Data-Efficient Machine Learning Identification of Manufacturing-Induced Degradation Regimes in Structural Battery Electrodes
Personnel: Ta-Wei Wang (Ph.D. student)
We developed a data-efficient machine learning framework to identify manufacturing-induced degradation regimes in thick structural battery electrodes. Rather than relying on long-term cycling to assess stability, the approach extracts early-cycle electrochemical signatures that encode the onset of chemo-mechanical instability. Controlled manufacturing variations, including distinct processing pathways under identical material composition and geometry, are used to induce separable degradation trajectories within 80 cycles. From the first 10 cycles, features such as capacity decay slope, coulombic efficiency variance, voltage hysteresis growth, and polarization evolution are systematically extracted to characterize early-stage behavior. Supervised learning models link these early indicators to later-stage retention and degradation classes, enabling prediction of instability onset before substantial performance loss occurs. Feature-importance analysis further reveals which electrochemical signatures are most sensitive to manufacturing-induced microstructural differences, providing physical interpretability beyond black-box prediction.
H. Sun et al., “Additive Manufacturing for Next-Generation Energy Technologies: Design, Intelligence, and Sustainability,” manuscript in preparation, 2026.
AI-Driven 4D Printing of Shape Morphing Actuators
Personnel: Juchen Zhang (Ph.D. student)
We developed an AI-driven inverse design framework that integrates finite element (FE) simulation, generative machine learning, and halftone-based 4D printing. Rather than relying on trial-and-error fabrication, the system automatically computes the optimal halftone parameters needed to deliver a target actuation behavior. We construct large training datasets using FE simulations of halftone-encoded heterostructures with varied pattern distributions. Time-resolved strain mapping captures mechanical responses at both local and global scales. Surrogate forward neural networks and generative inverse models link user-defined mechanical targets to manufacturable design parameters, enabling rapid prediction and fabrication of actuators with tailored properties. In addition to mechanical tuning, halftone-regulated growth deformations, such as thermoresponsive shrinkage, are used to program 3D shape transformations. A deep residual neural network, trained on FE-generated deformation datasets, performs both forward shape prediction and inverse mapping to generate halftone patterns for a prescribed final geometry, without requiring complex derivative calculations.

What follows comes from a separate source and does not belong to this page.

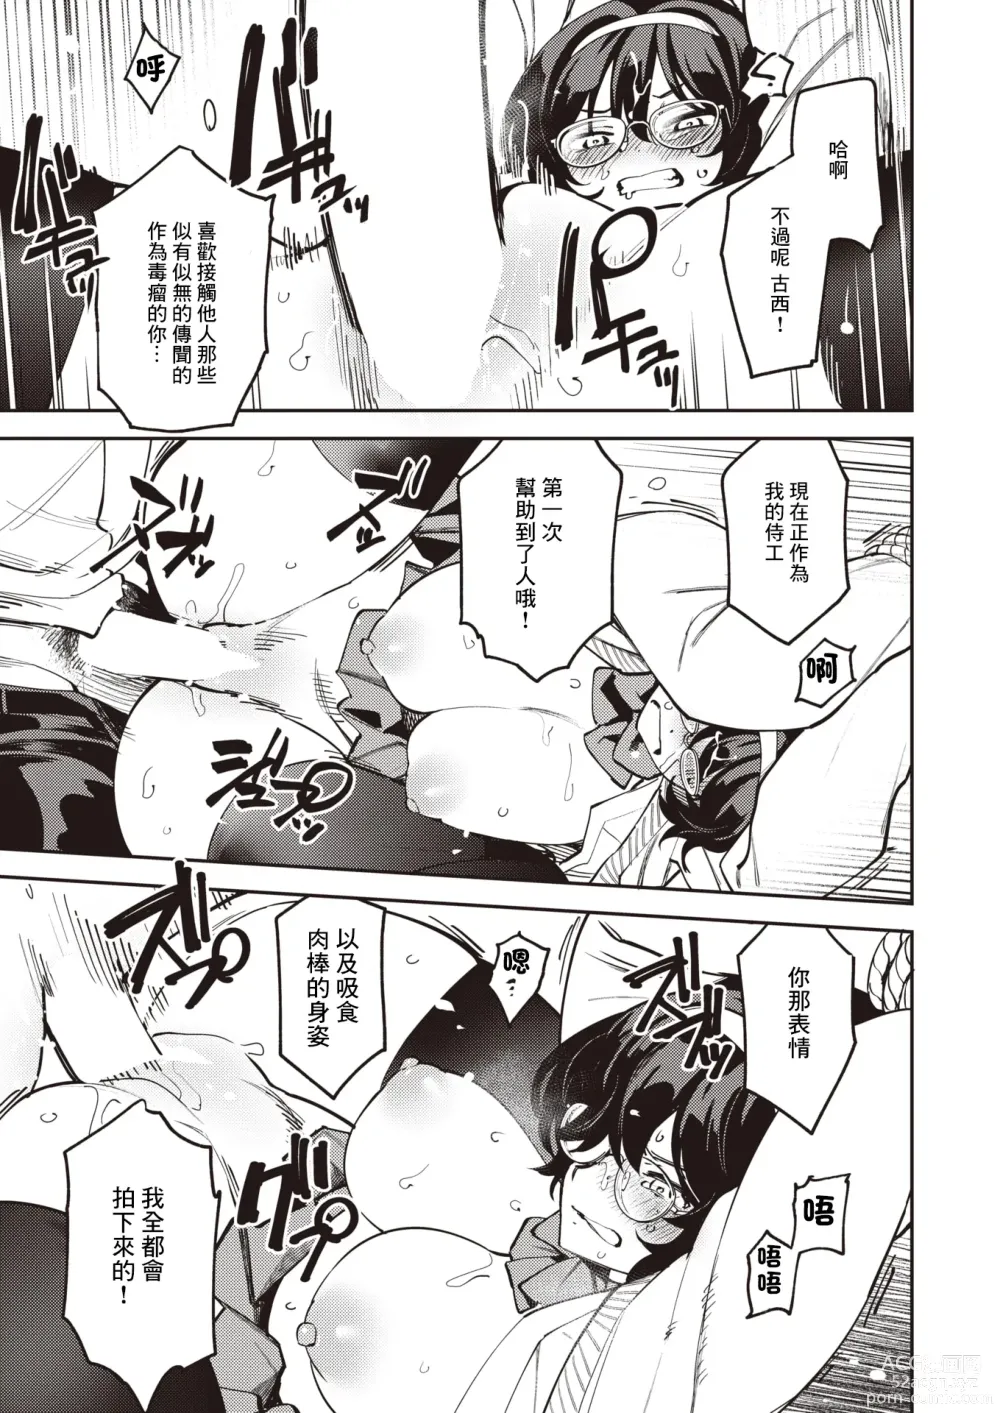 Page 15 of manga Wakarase Filming
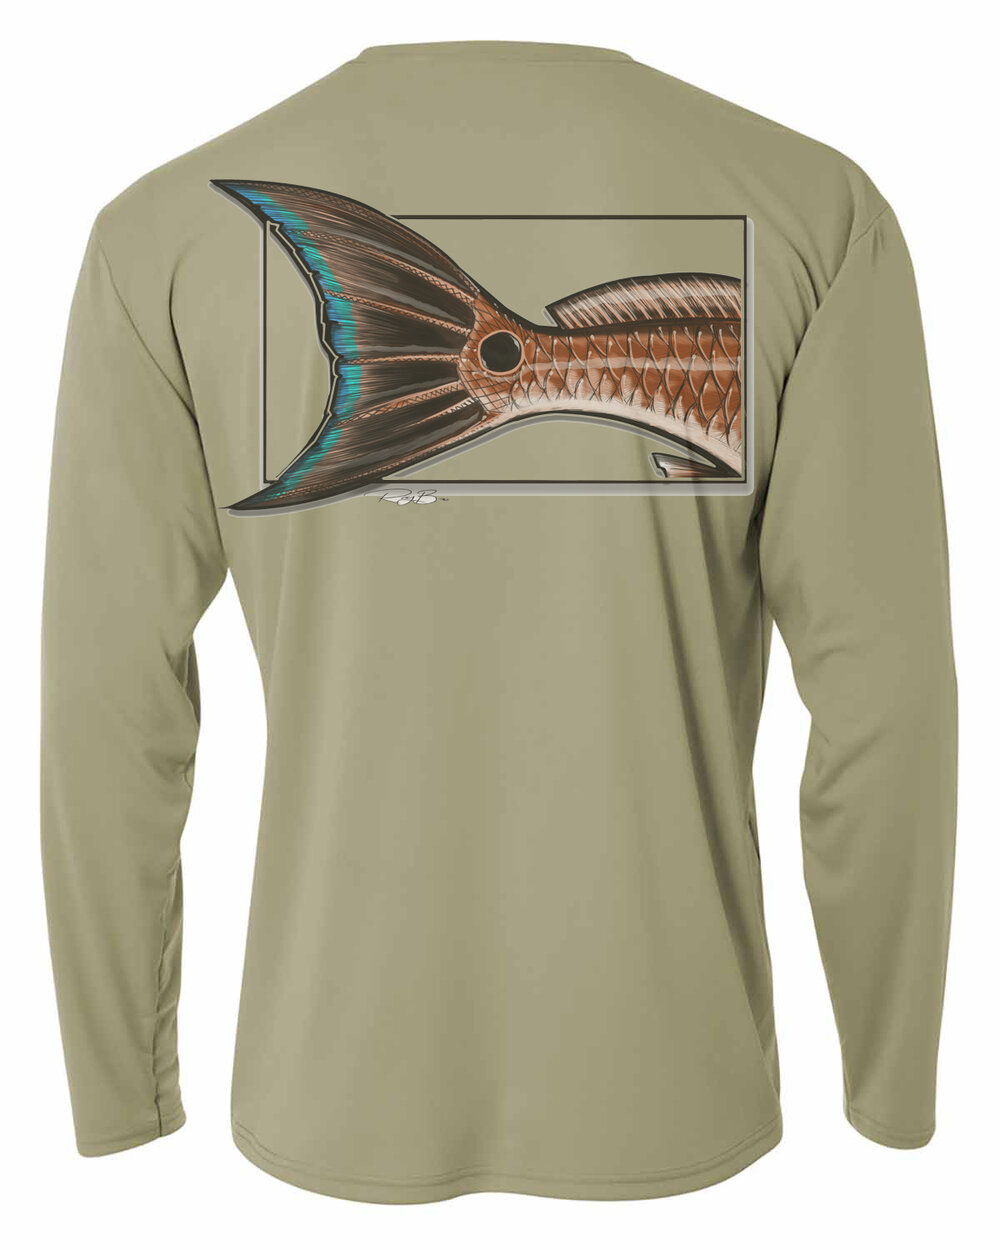 REDFISH TAIL clear fishing shirt — Ray's Custom Art

Digital-Twin-Driven Codesign and 4D Printing of Intelligent Systems
Personnel: Juchen Zhang (Ph.D. student)
Nature provides examples of soft structures that can stretch, deform, heal, and transform shape. Inspired by these systems, this project develops a new physical–digital-twin framework to design and 4D print multifunctional soft materials, including hydrogels, shape-memory polymers, and elastomers with programmable mechanical strength and shape-morphing behaviors. Using dynamic projection grayscale lithography, we 4D print thin films that contain engineered cellular domains microscale patterns that locally tune stiffness, strain distribution, and deformation. These printed “physical twins” are paired with digital twins, multiphysics simulation, machine learning models, and data driven inverse design, to predict how the printed material will stretch, bend, morph into 3D shapes, or respond to heat, light, or solvents. By letting physical twins and digital twins continuously inform each other, the project moves beyond trial-and-error manufacturing toward predictive, uncertainty aware design. We aim to create soft material systems that can adapt shape, enhance mechanical performance, program sequential motion for soft robotics and actuation, and enable generalizable design rules for future autonomous 4D-printing platforms. This research integrates advanced manufacturing, machine learning, and multiphysics simulations into. digital-physical-twin-guided frameworks for applications in soft robotic grippers, adaptive biomedical devices, stretchable electronics, reconfigurable infrastructure, and any intelligent systems that change with external stimuli.
H. Sun et al., “Machine Learning-Enabled Digital Twin for Halftone-Encoded Programmable Mechanical Heterogeneity,” manuscript in preparation, 2026.